🚦 Chapter 5, Part 2: __syncthreads() — The Traffic Light
💡 Story: Imagine all soldiers must cross a bridge, but it can only hold 10 at a time. The General shouts STOP — everyone waits. When all are assembled, the General shouts GO — everyone crosses simultaneously. That's __syncthreads() — a barrier that STOPS all threads until everyone arrives.
#include <cuda_runtime.h>
__global__ void syncExample(int* data, int n) {
__shared__ int tile[256]; // Shared memory buffer
int tid = threadIdx.x;
// PHASE 1: Each thread loads data into shared memory
tile[tid] = data[tid]; // Reads from slow global memory
// ===== THE TRAFFIC LIGHT =====
__syncthreads(); // ALL threads MUST arrive here before ANY proceed!

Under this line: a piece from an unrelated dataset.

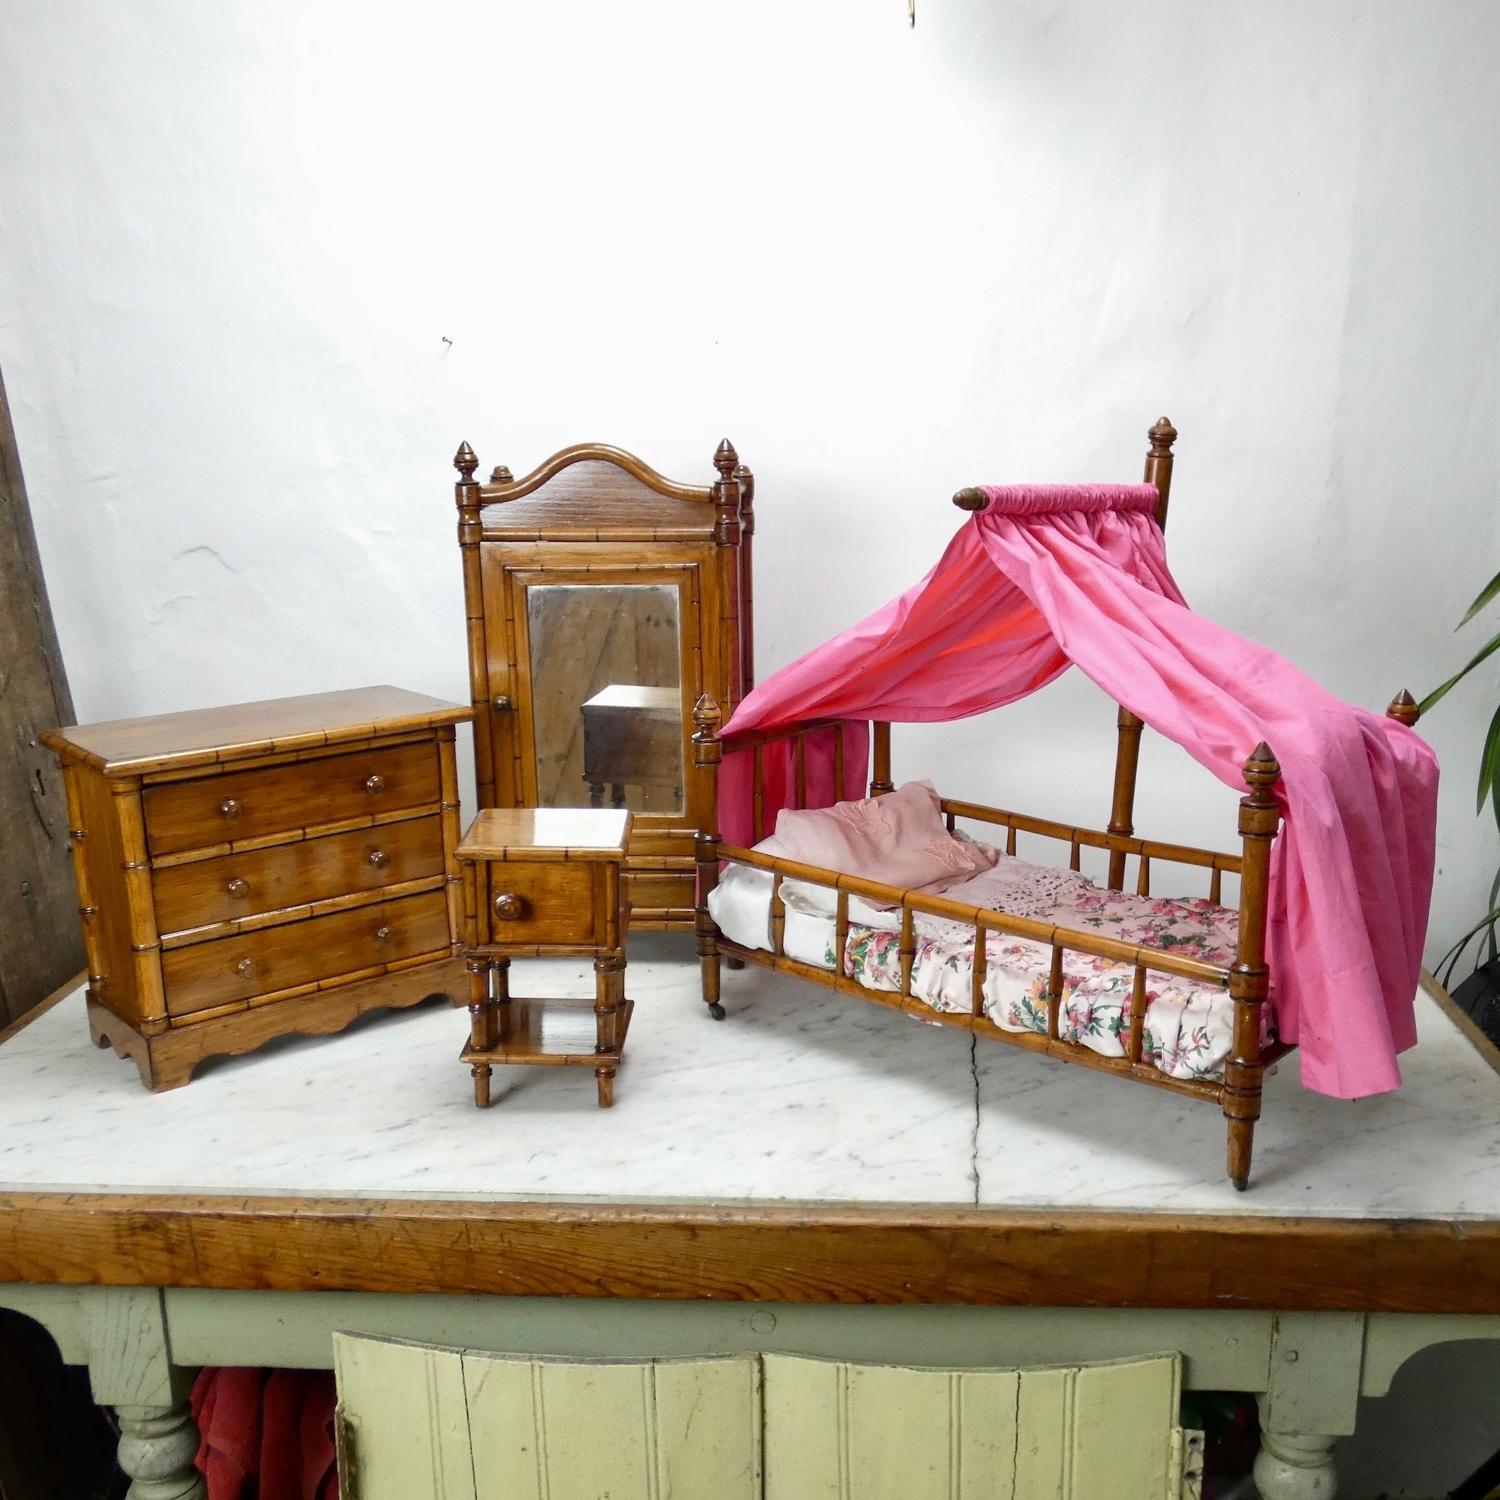 Doll's bedroom furniture

// Without __syncthreads, Thread 0 might already be reading tile[1]
// before Thread 1 has written to tile[1]!
// PHASE 2: Now we can safely read from shared memory
// (We know all threads finished writing in Phase 1)
int neighbor = (tid > 0) ? tile[tid - 1] : 0; // Read neighbor's data
data[tid] = tile[tid] + neighbor; // Compute something useful
// ===== ANOTHER BARRIER =====
__syncthreads(); // Separate PHASE 2 reads from PHASE 3 writes
}
// Rule: If WRITING shared memory → sync → READING shared memory
// Always sync BETWEEN phases!
// ❌ WRONG — DEADLOCK! Some threads skip the sync
__global__ void deadlockBug(int* data) {
if (threadIdx.x < 16) {
// only 16 threads enter here
__syncthreads(); // ← DEADLOCK! Threads 16-31 never reach this!
}
}
// ✅ CORRECT — All threads always reach the sync
__global__ void correct(int* data, bool* flags) {
__shared__ float tile[256];
tile[threadIdx.x] = threadIdx.x; // Everyone writes
__syncthreads(); // Everyone syncs (NO conditionals around it!)

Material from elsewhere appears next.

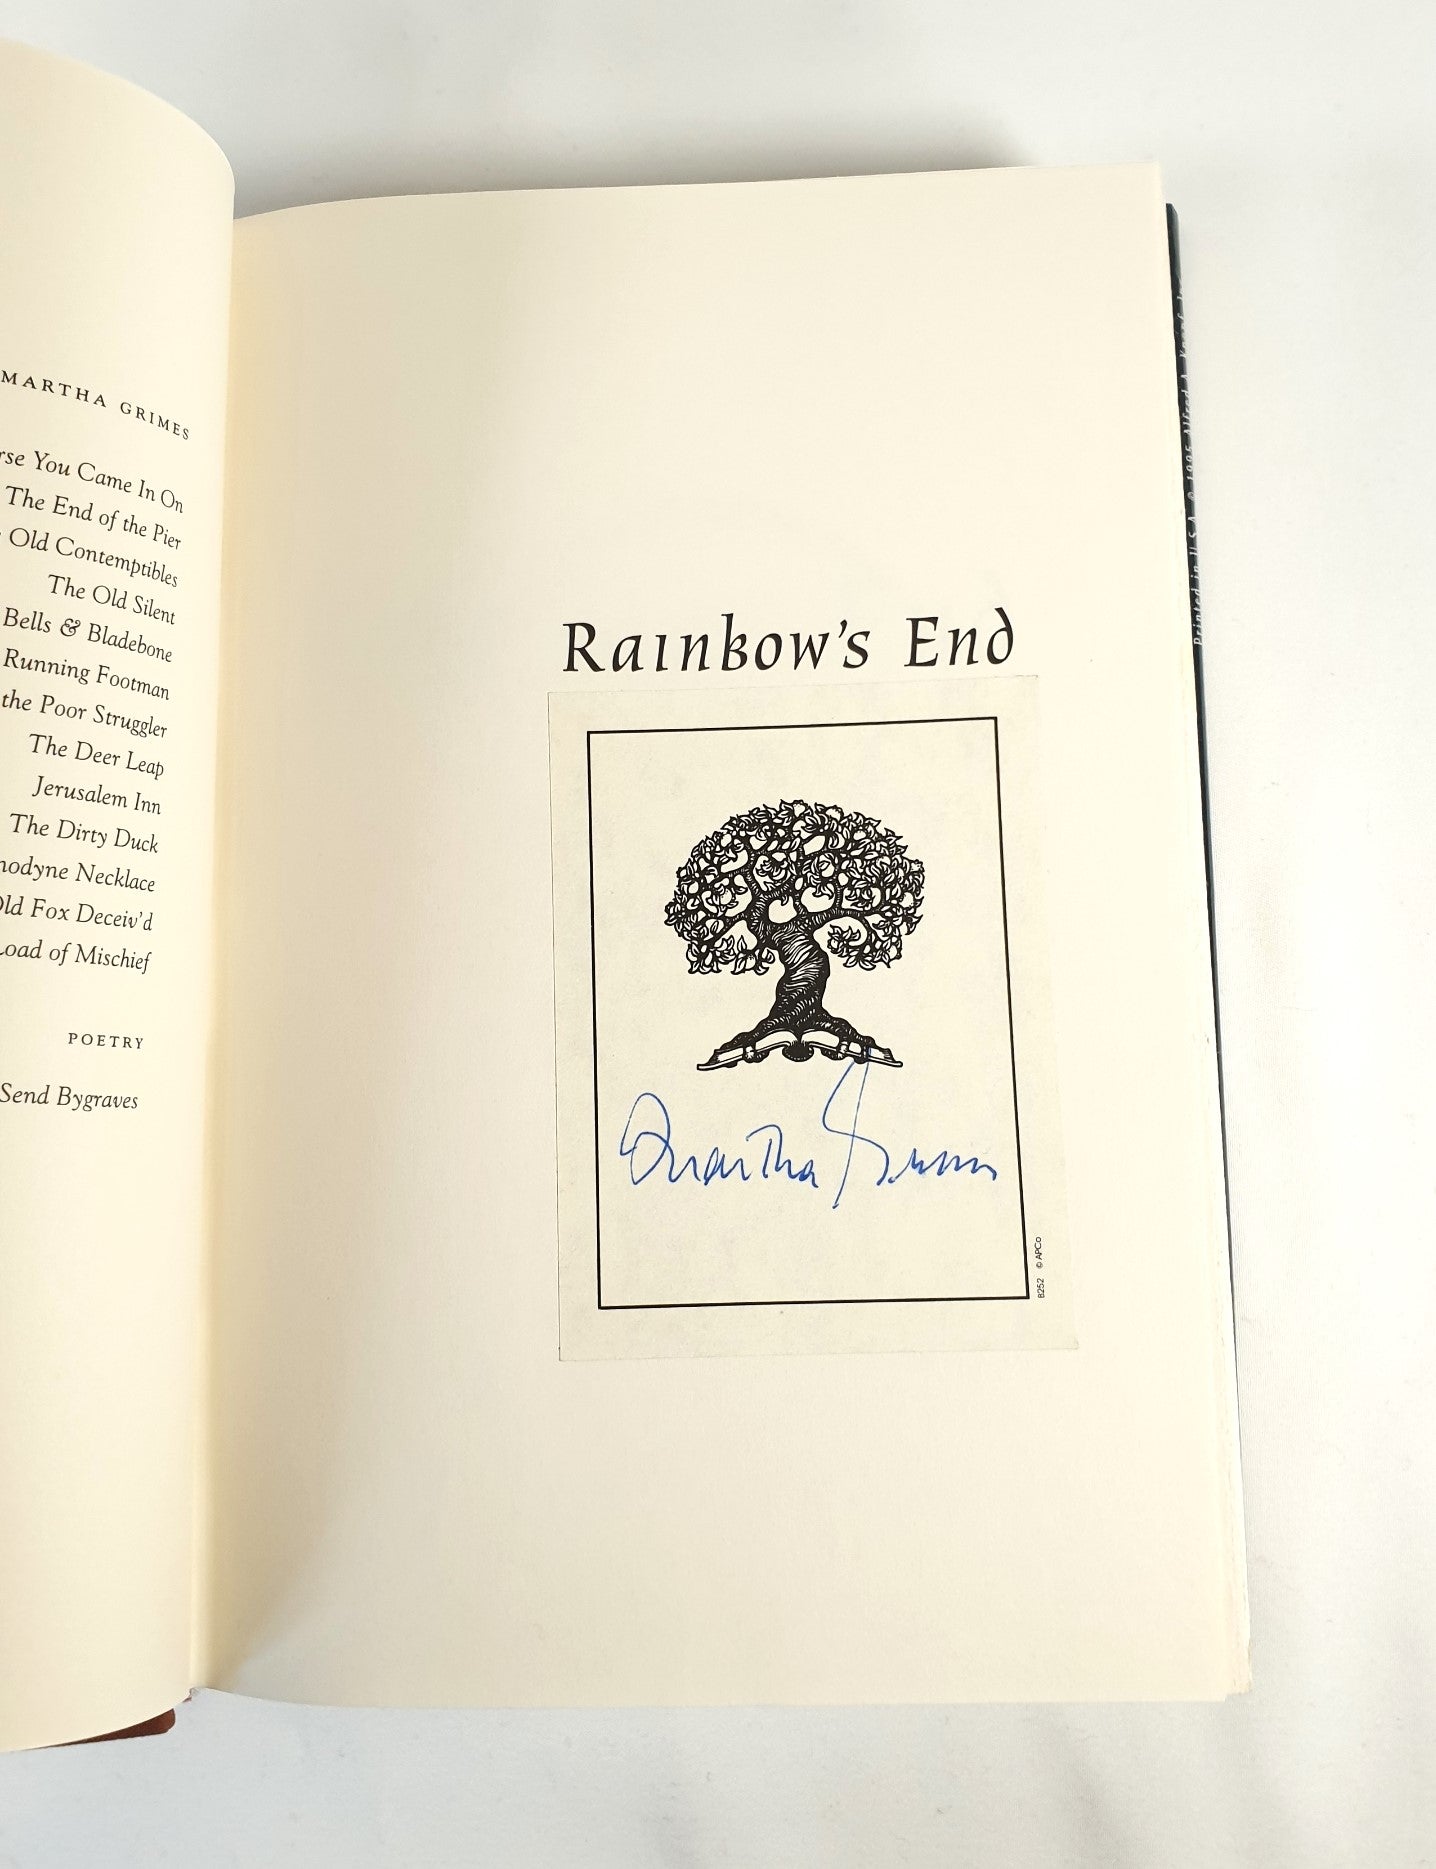 Grimes, Martha - Rainbow's End (Signed)

// Now everyone can safely read any element
data[threadIdx.x] = tile[(threadIdx.x + 1) % 256];
}
For the left neighbor: result[t] = shared[t] + (t > 0 ? shared[t-1] : 0); This adds the current value to the previous one. Thread 0 has no left neighbor so adds 0.

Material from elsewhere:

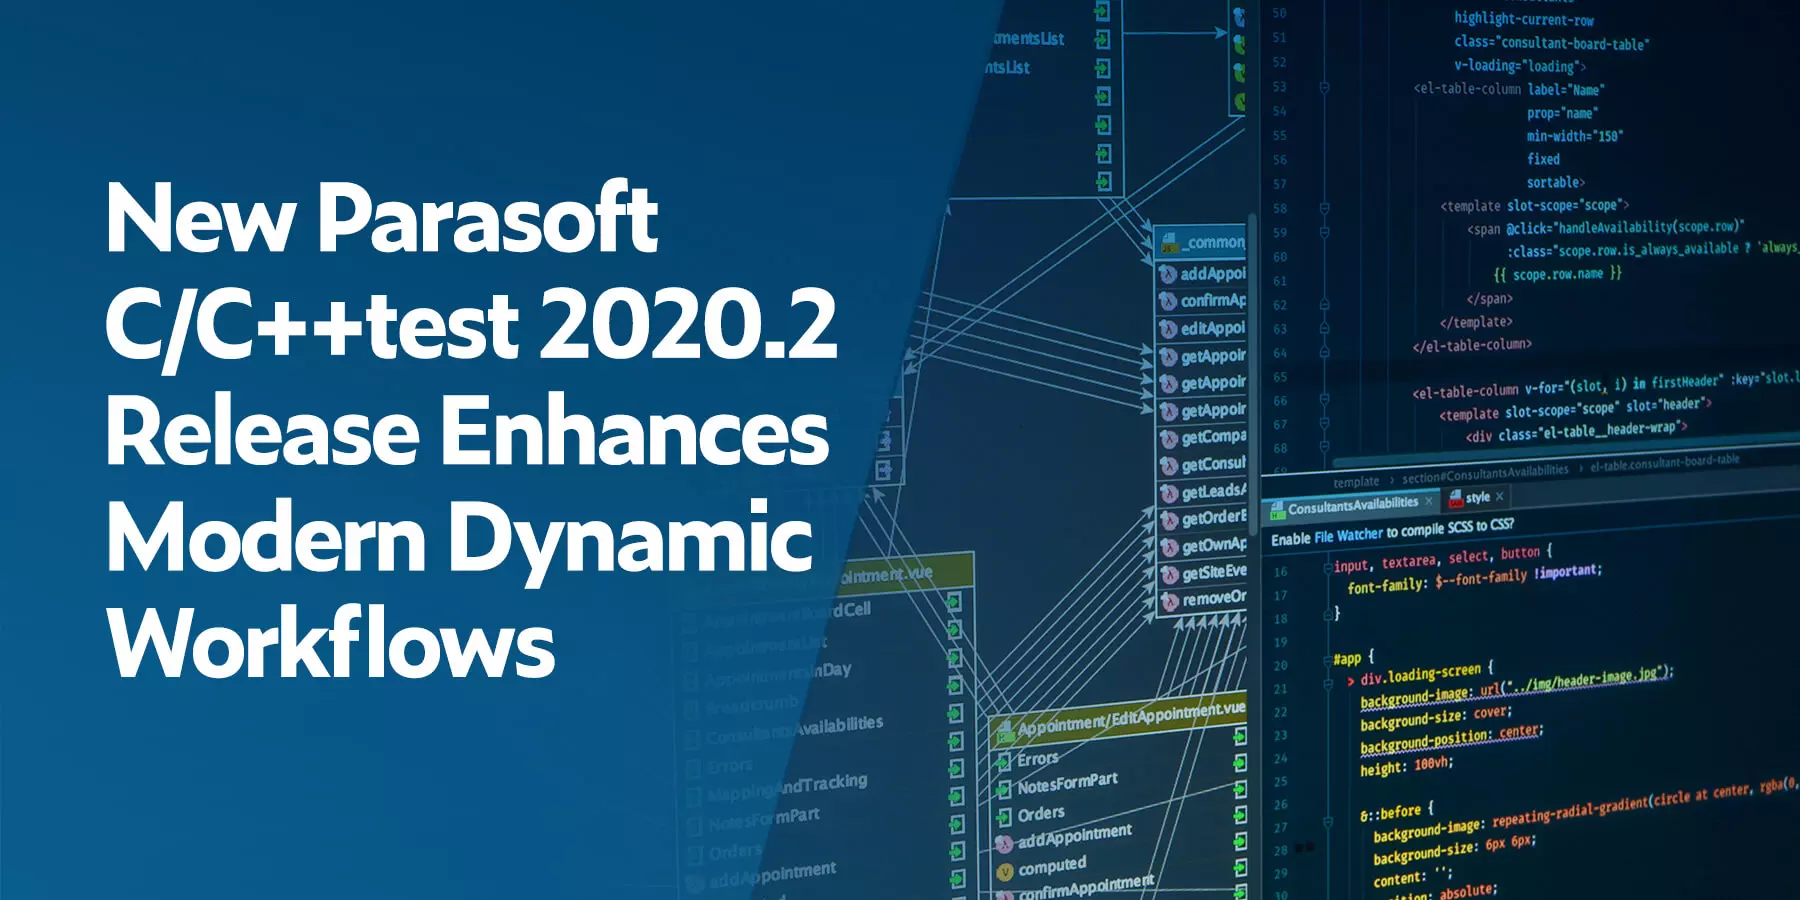 New Parasoft C/C++test 2020.2 Release Enhances Modern Dynamic Workflows

⚠️ Try solving it yourself first — you'll learn more!
#include <stdio.h>
int main() {
int global_data[] = {1, 2, 3, 4, 5, 6, 7, 8};
int shared[8];
int result[8];
int n = 8;
printf("=== __syncthreads() Simulation ===\n");
printf("Phase 1: All threads load data into shared memory\n");
for (int t = 0; t < n; t++) shared[t] = global_data[t];
printf("Shared memory after load:");
for (int i = 0; i < n; i++) printf(" %d", shared[i]);
printf("\n");
printf("--- __syncthreads() called ---\n");
printf("Phase 2: Each thread adds its left neighbor\n");
for (int t = 0; t < n; t++) result[t] = shared[t] + (t > 0 ? shared[t-1] : 0);
printf("Result:");
for (int i = 0; i < n; i++) printf(" %d", result[i]);
printf("\n");
return 0;
}